Rechârge Biomedical Clinic

On March 30th, some Über-geeks fired up their Large Hadron Collider in Switzerland in an effort to move one huge step closer to Einstein’s elusive lifelong dream of a G.U.T. or Grand Unified Theory.  That ‘theory of everything’ is a somewhat verifiable way to explain how the particles of the Standard Model of particle physics fit with our understanding of Electromagnetism, Strong and Weak nuclear forces, and Gravity.

I know what you’re thinking:

“Zzzzzzzz…BOh–ring”

But WAKE UP! To paraphrase the Baby-Boomers’-Bard, “The future now, will later be past.”

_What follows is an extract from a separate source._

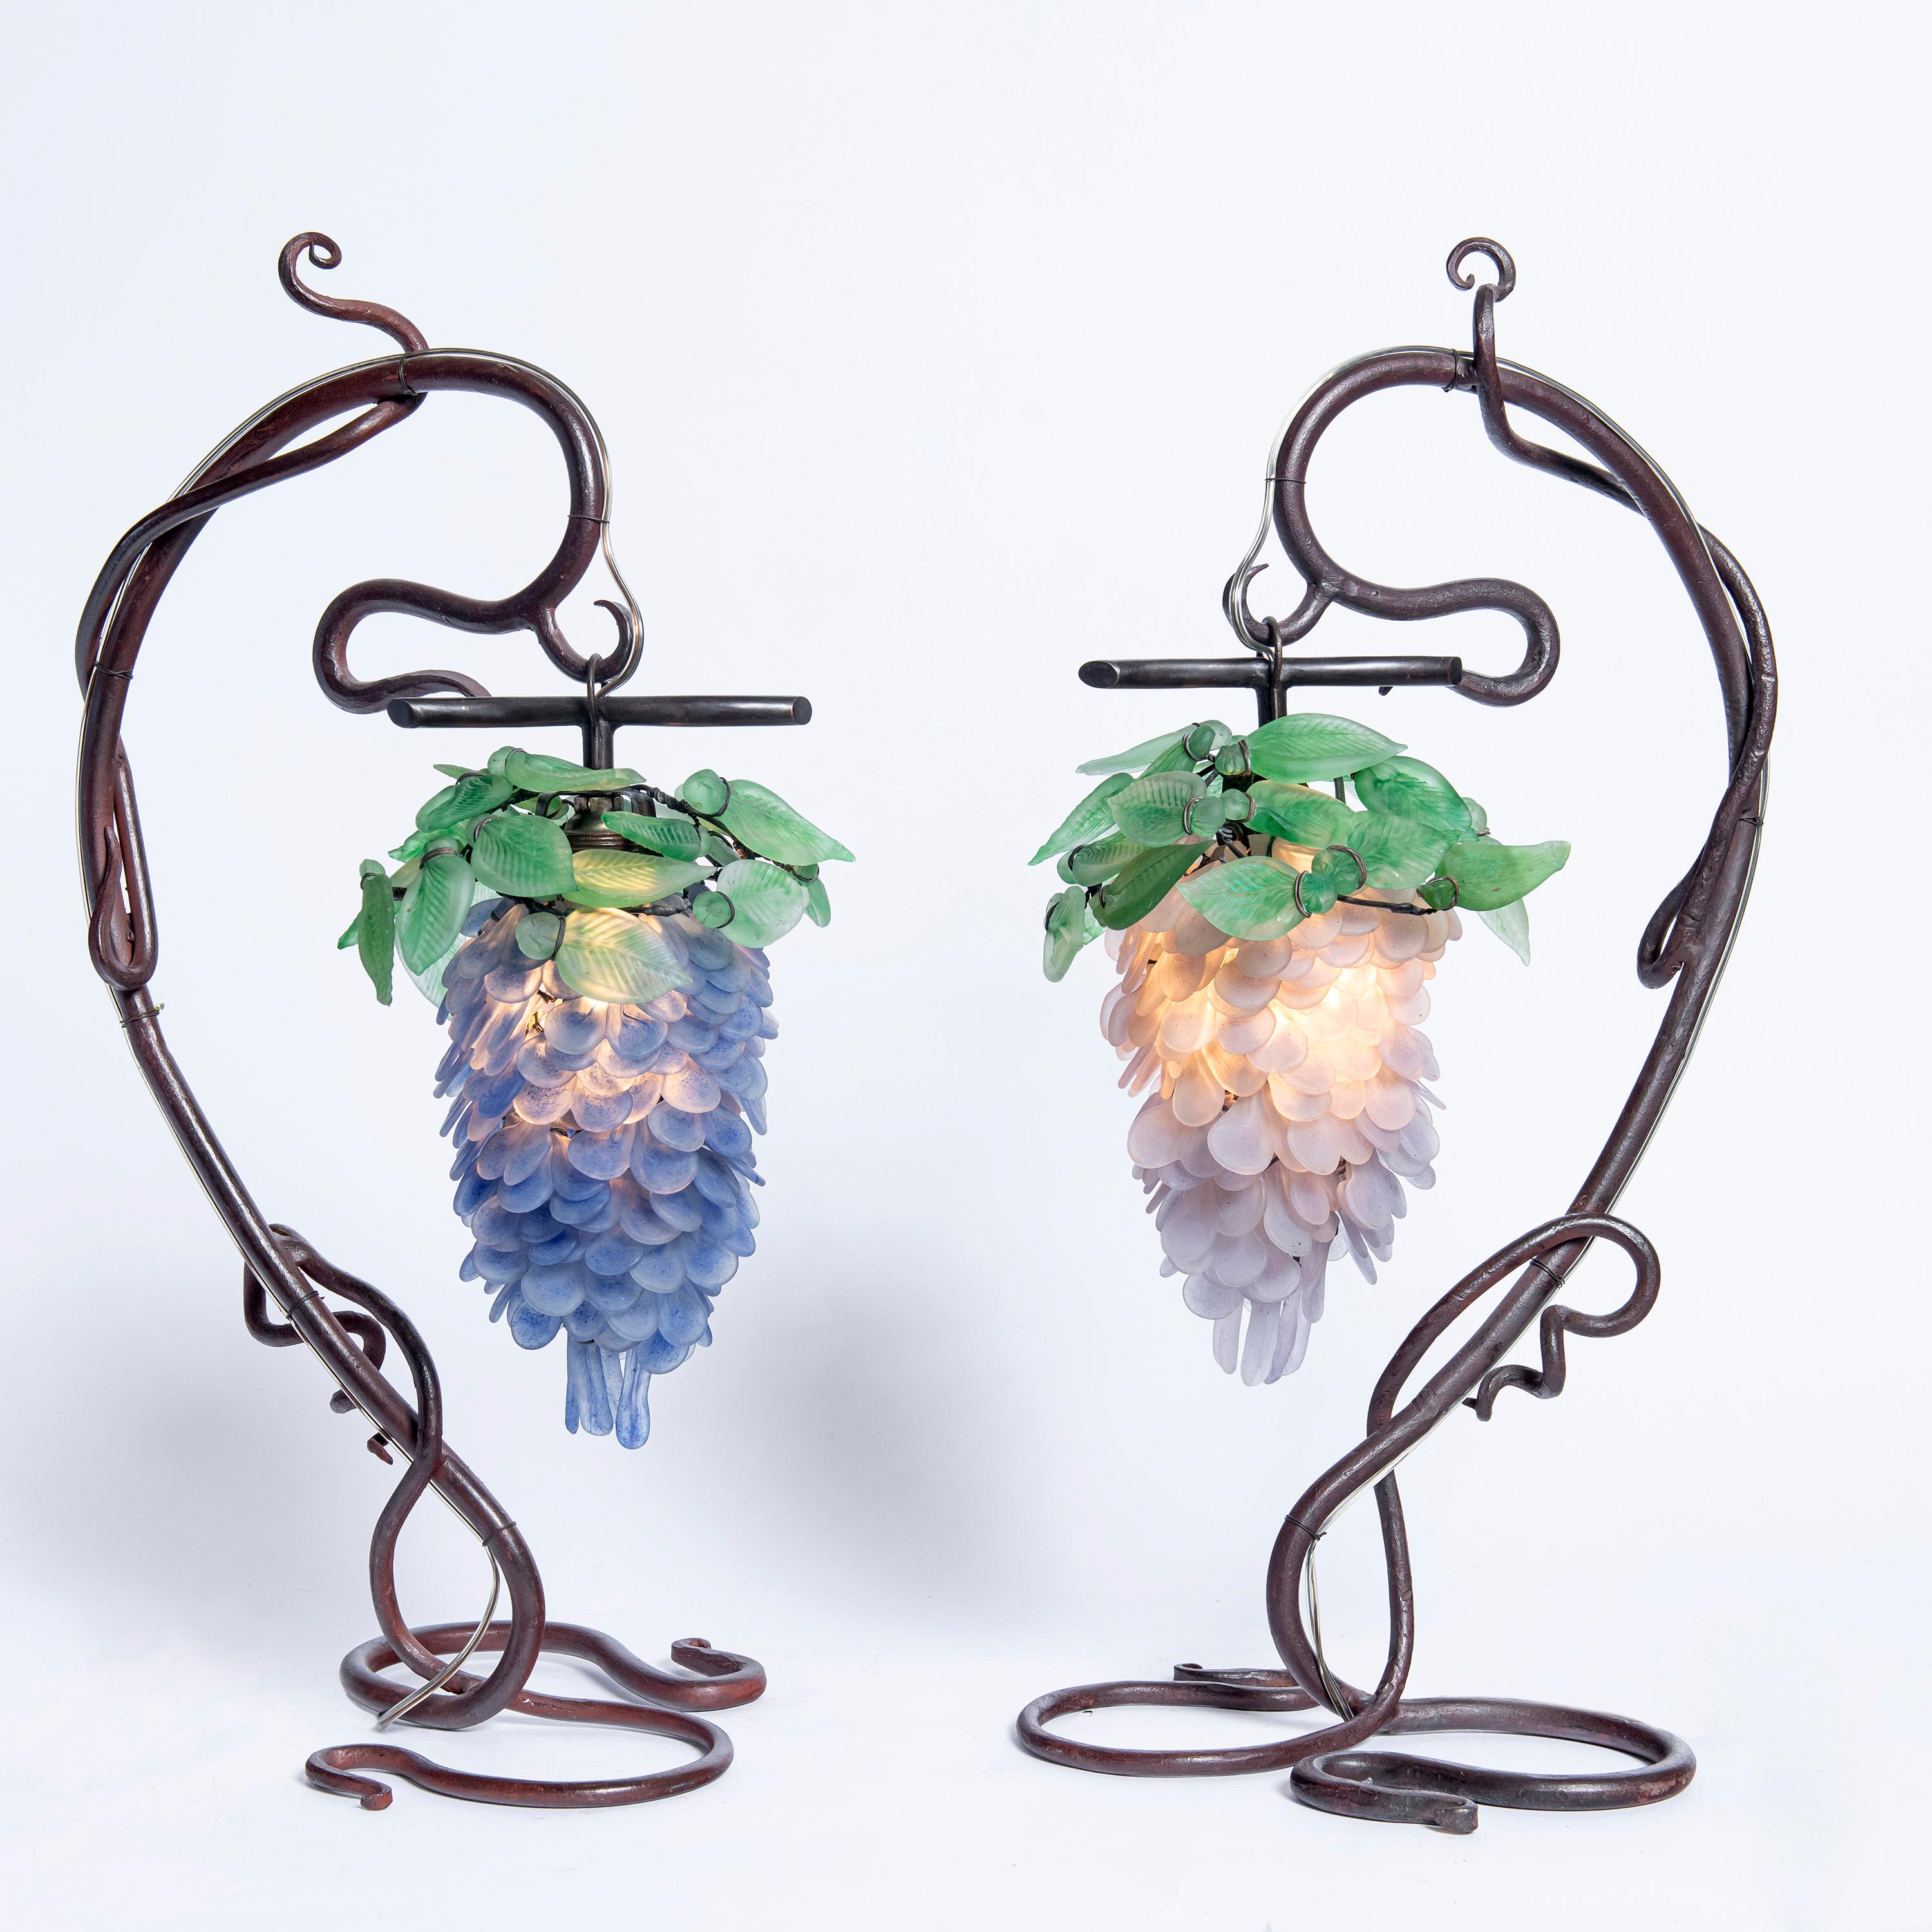 Pair of iron and Venetian glass table lamps, Italy, circa 1900.

The story of how firing up the big blaster didn’t end the universe was eclipsed in the headlines because 1) it didn’t affect the survivors of Oceanic 815 and 2) it’s not as riveting as Kate Gosselin’s fate on Dancing with the Stars. I get that. But explaining the whole universe is pretty good for a species of “Monkey-boy” hominids that have only been in existence for a mere 200k of the universe’s 13.7 billion years, or 0.000014 of its creator’s existence. This would be probably as likely one of your dust mites writing your entire life story into a Tony-award winning musical during a commercial break of Dancing with the Stars.

So if these acne-stricken, Toblerone-scarfing smarties find their Higgs Boson particle (or Dan Brown’s ‘God Particle’ from Angels and Demons) they’ll be closer to unifying their models and better still, their mom’s get to tell their ‘Frenemies’ how their kid turned out to be smarter than Einstein.

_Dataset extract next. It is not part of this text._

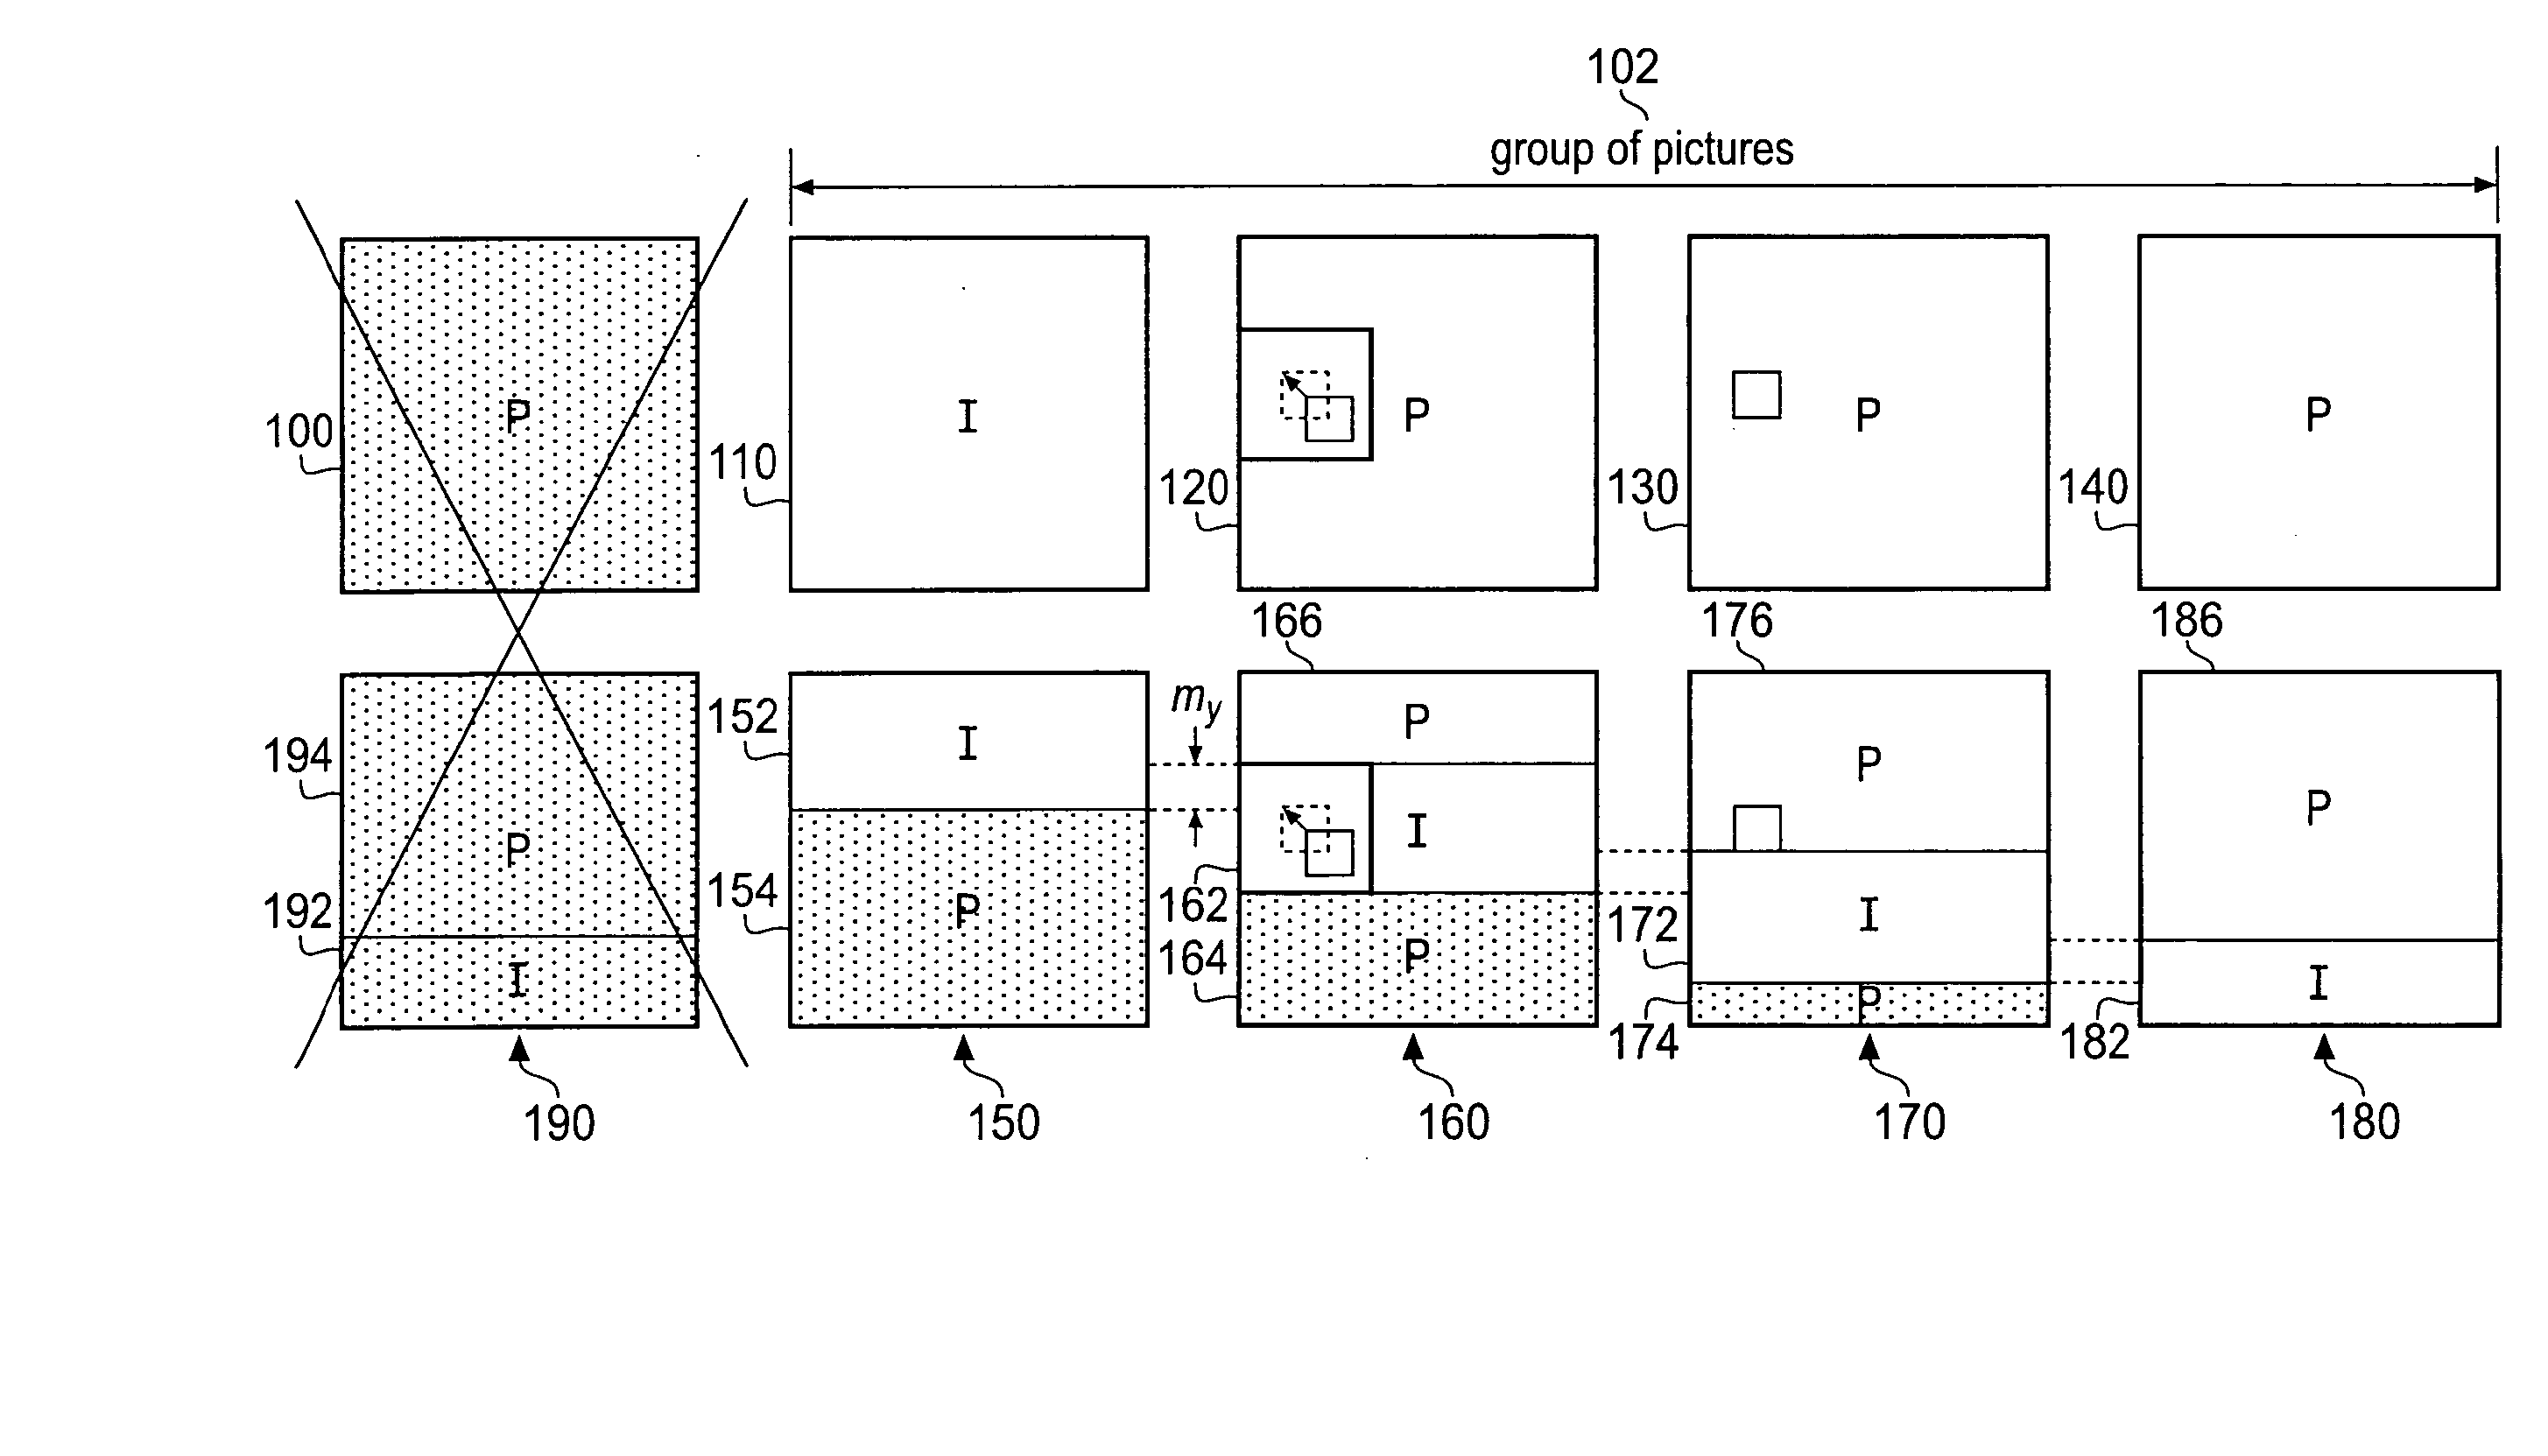 Method and device for video encoding and decoding

I know what you’re thinking:

“Where the $*@! is he going with this?”

In 1986, Sean Connery played a 14th century theologian/gumshoe named William of Ockham in a pretty cool whodunit movie called The Name of the Rose.

He (Sir William of Ockham, not the greatest James Bond of all time) is best known for his principle of “Ockham’s Razor,”  which has been a close companion of scientists and detectives from Carolus Linnaeus to Lieutenant Columbo:

pluralitas non est ponenda sine necessitate

“plurality should not be posited without necessity”

In other words, don’t evoke a whole bunch of reasons when only one will do just fine.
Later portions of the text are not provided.